Словесное общение, уже в силу того обстоятельства, что оно поддерживает дистанцию между «я» и Другим, радикальное отделение, мешающее восстановлению тотальности и затребованное трансценденцией, не может противиться эгоизму своего существования; однако сам факт пребывания в словесном общении заключается в том, чтобы признавать за «другим» право на этот эгоизм и тем самым оправдывать себя. Словесному общению свойственна также апология «я», в одно и то же время утверждающего себя и подчиняющегося трансцендентному. Доброта, которой, как мы увидим дальше, завершается словесное общение и от которой оно получает смысл, не утрачивает этого апологетического характера.
Разрыв тотальности не является делом мышления, производящего обычное различение между понятиями, которые определяются одно через другое или, по меньшей мере, вытекают одно из другого. Пустота в тотальности может существовать вопреки мышлению, с неизбежностью тотализирующему и обобщающему, лишь в том случае, если мышление находится перед лицом Другого, не поддающегося классификации. Тогда, вместо того, чтобы образовывать с ним некое целое, как с объектом, мышление становится говорением. Мы предлагаем называть религией связь, которая устанавливается между Самотождественным и Другим, не образуя при этом тотальности.
Однако утверждать, что Другой может оставаться абсолютно Другим, что он вступает лишь в словесное общение, значит утверждать, что сама история — идентификация самотождественного — не может претендовать на тотализацию Самотождественного и Другого. Абсолютно Другой, инаковость которого философия имманентного преодолевает в так называемом общем плане истории, сохраняет свою трансцендентность внутри истории. Самотождественное — это по существу своему идентификация в различном, либо в истории, либо в системе. Это не я не подчиняюсь системе, как полагал Кьеркегор, а Другой.

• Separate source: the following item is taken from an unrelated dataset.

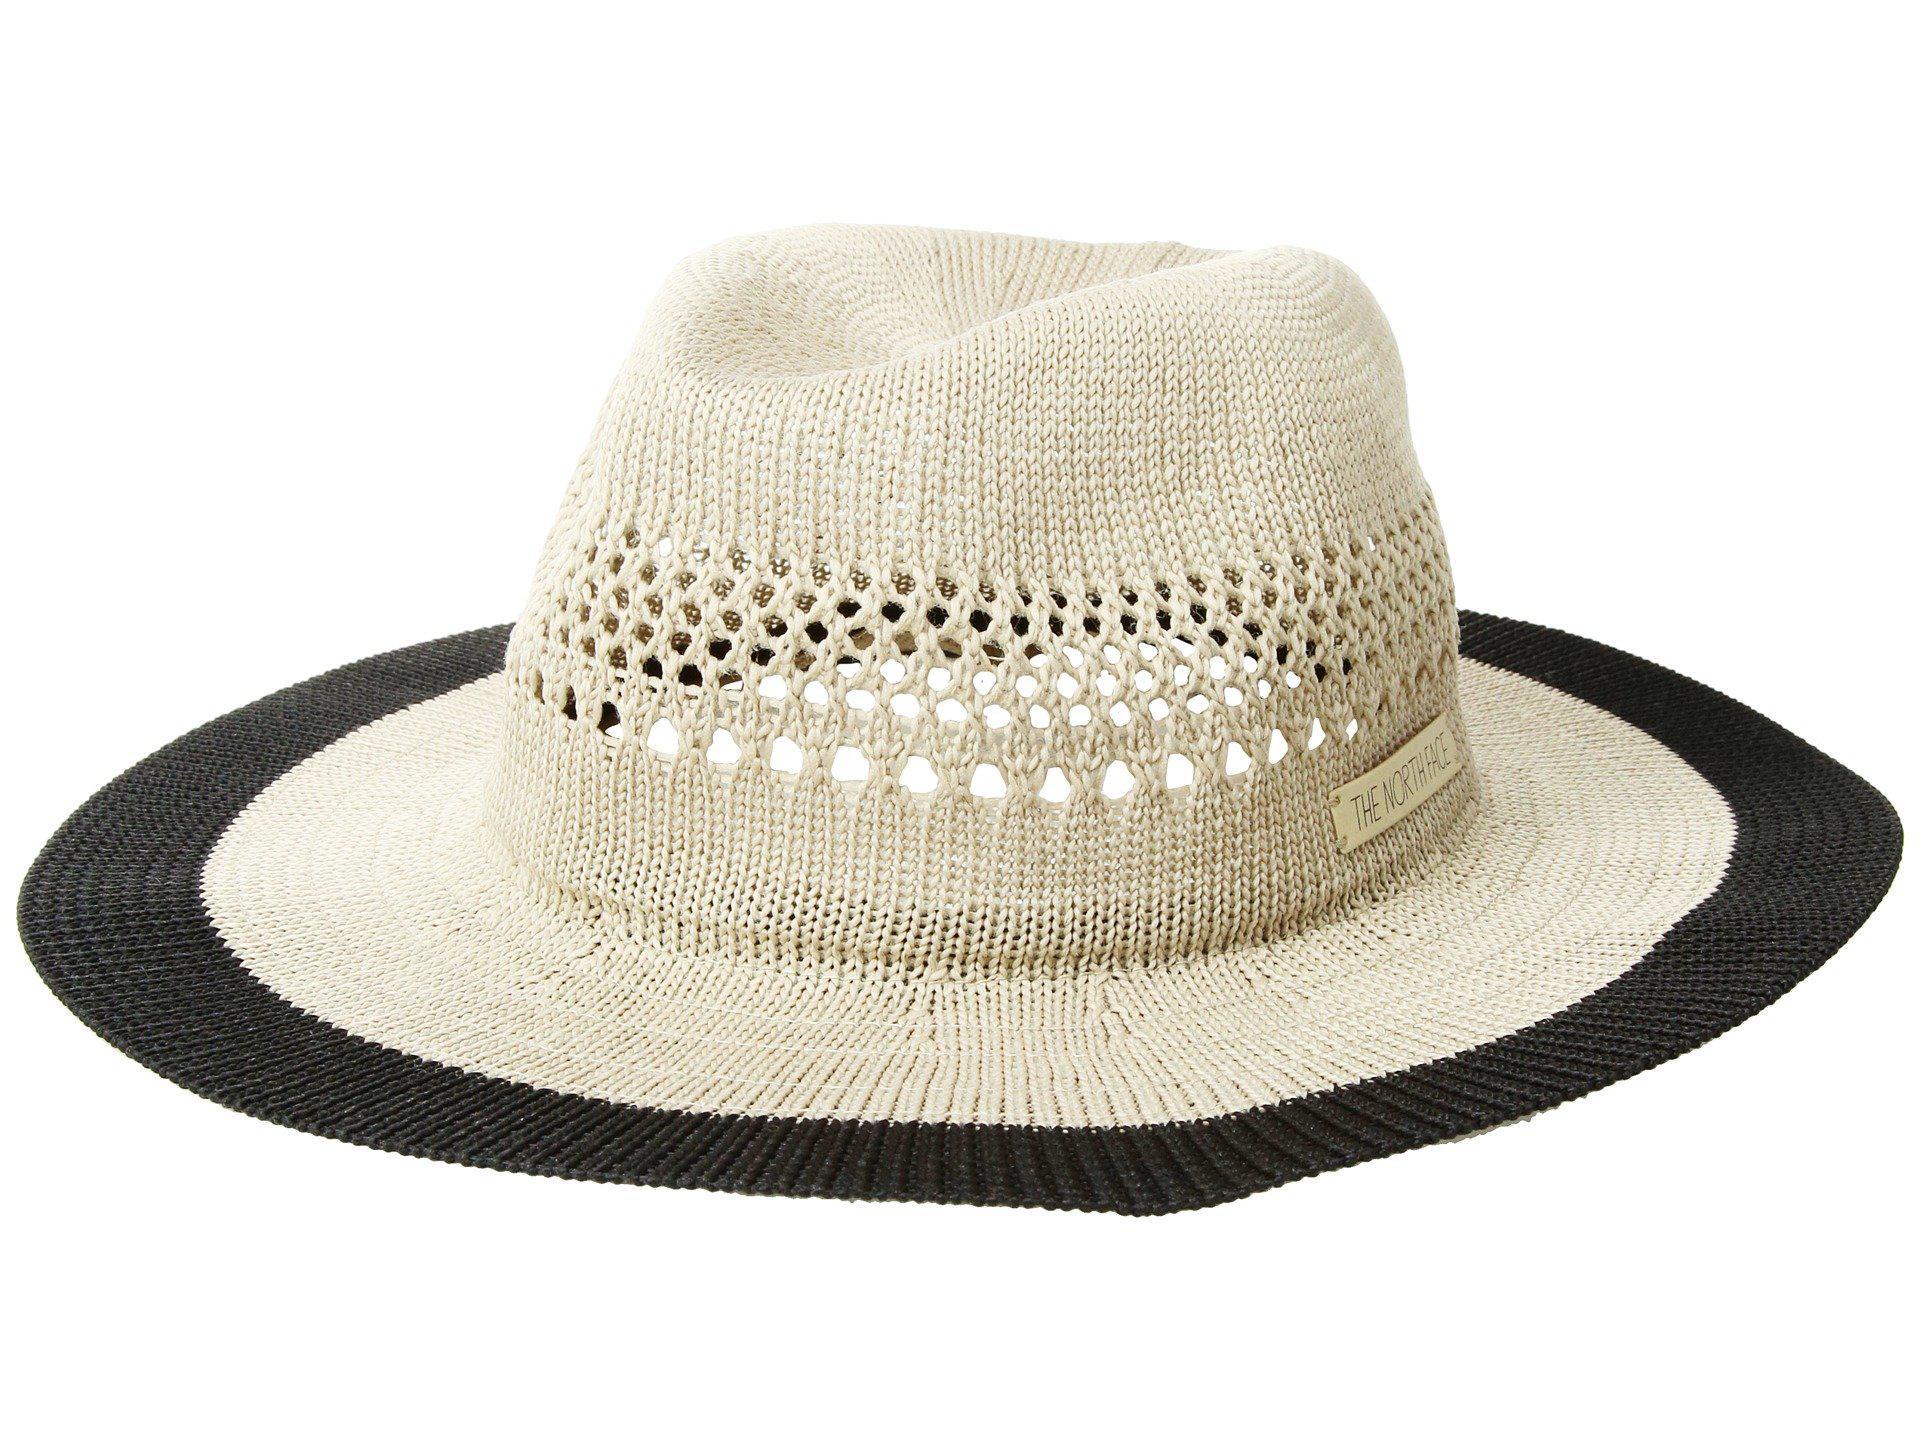 bdee6a433de Lyst - The North Face Packable Panama Hat (kelp Tan tnf Black ...

3. Трансценденция не есть отрицание
Движение трансценденции отличается от отрицания, посредством которого неудовлетворенный человек отвергает условия своего существования. Отрицание предполагает человека устроенного, обосновавшегося в каком-то месте, где он ощущает себя «дома»; оно — экономический факт, если следовать этимологии этого прилагательного [9]. Труд преобразует мир, но делает это, опираясь на мир, который преобразует. Труд, которому материя оказывает сопротивление, извлекает пользу из сопротивления. Сопротивление присуще и Самотождественному. Отрицающий и то, что он отрицает, полагают себя вместе, образуя систему, иначе говоря, тотальность. Врач, завидующий карьере инженера, бедняк, жаждущий богатства, больной, страдающий от своей болезни, меланхолик, впадающий в тоску из-за пустяка, — все они противостоят своим условиям, оставаясь в границах, очерченных их собственными горизонтами. «Иначе» и «не здесь», которых они хотели бы достичь, все еще связаны с отвергаемым «здесь». Отчаявшийся человек, жаждущий небытия или вечной жизни, полностью отрицает этот мир; однако смерть для замышляющего самоубийство и для верующего остается событием драматическим. Бог всегда призывает нас к Себе слишком рано. Мы хотим оставаться в этом мире. Ужас перед абсолютно неизвестным, в которое ведет нас смерть, свидетельствует о границах отрицания [10]. Такой способ отрицания, когда мы постоянно укрываемся в том, что отвергаем, выявляет черты Самотождественного, или Я. Инаковость отвергаемого мира не есть инаковость Чужестранца, это — инаковость родины, которая принимает нас и защищает. Метафизика не совпадает с отрицанием.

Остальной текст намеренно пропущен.